Normally, a value is marked as deleted without creating a new version of it.
However, link values must be treated as a special case. Before a ``LinkValue`` can be
marked as deleted, its reference count must be decremented to 0. Therefore, a
new version of the ``LinkValue`` is made, with a reference count of 0, and it
is this new version that is marked as deleted.

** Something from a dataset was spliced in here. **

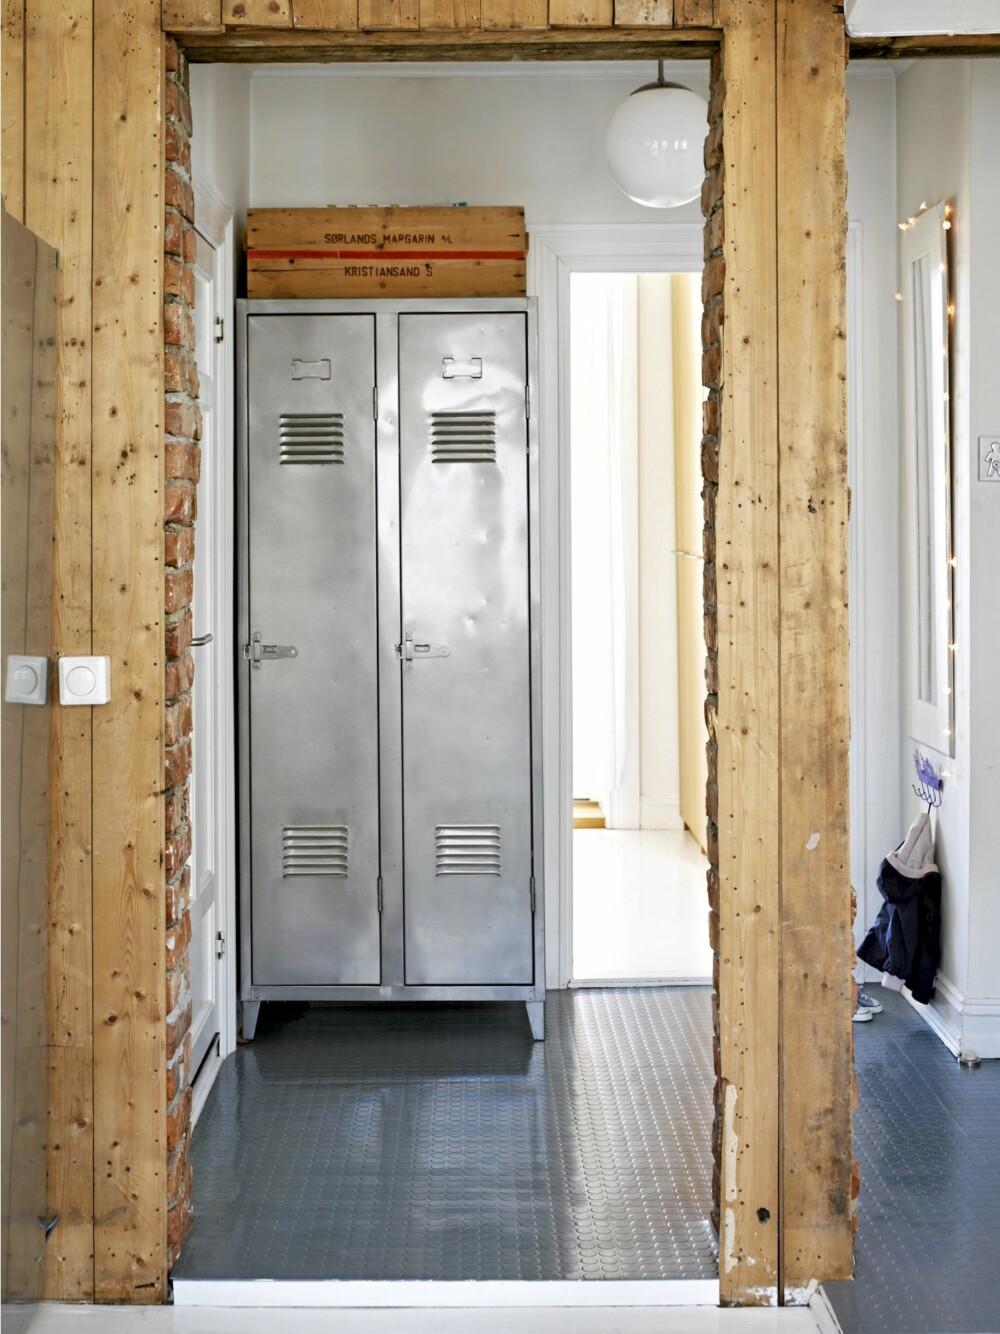 RÅTT OG PRAKTISK: Yttertøy og sko er stuen inn i stålskapet fra Kvist. Boligens toåring har en egen knaggrekke ved ytterdøren.

Since it is necessary to be able to find out when a resource was deleted, it
is not possible to undelete a resource. Moreover, to simplify the checking
of cardinality constraints, and for consistency with resources, it is not possible
to undelete a value, and no new versions of a deleted value can be made.
Instead, if desired, a new resource or value can be created by copying data from a
deleted resource or value.
.. _triplestore-linking-reqs:
Linking
^^^^^^^
Knora API v1 treats a link between two resources as a value, but in RDF, links must be treated
differently to other types of values. Knora needs to maintain information about the link,
including permissions and a version history. Since the link does not have a unique IRI of its own, Knora
uses RDF reifications_ for this purpose. Each link between two resources has exactly one (non-deleted)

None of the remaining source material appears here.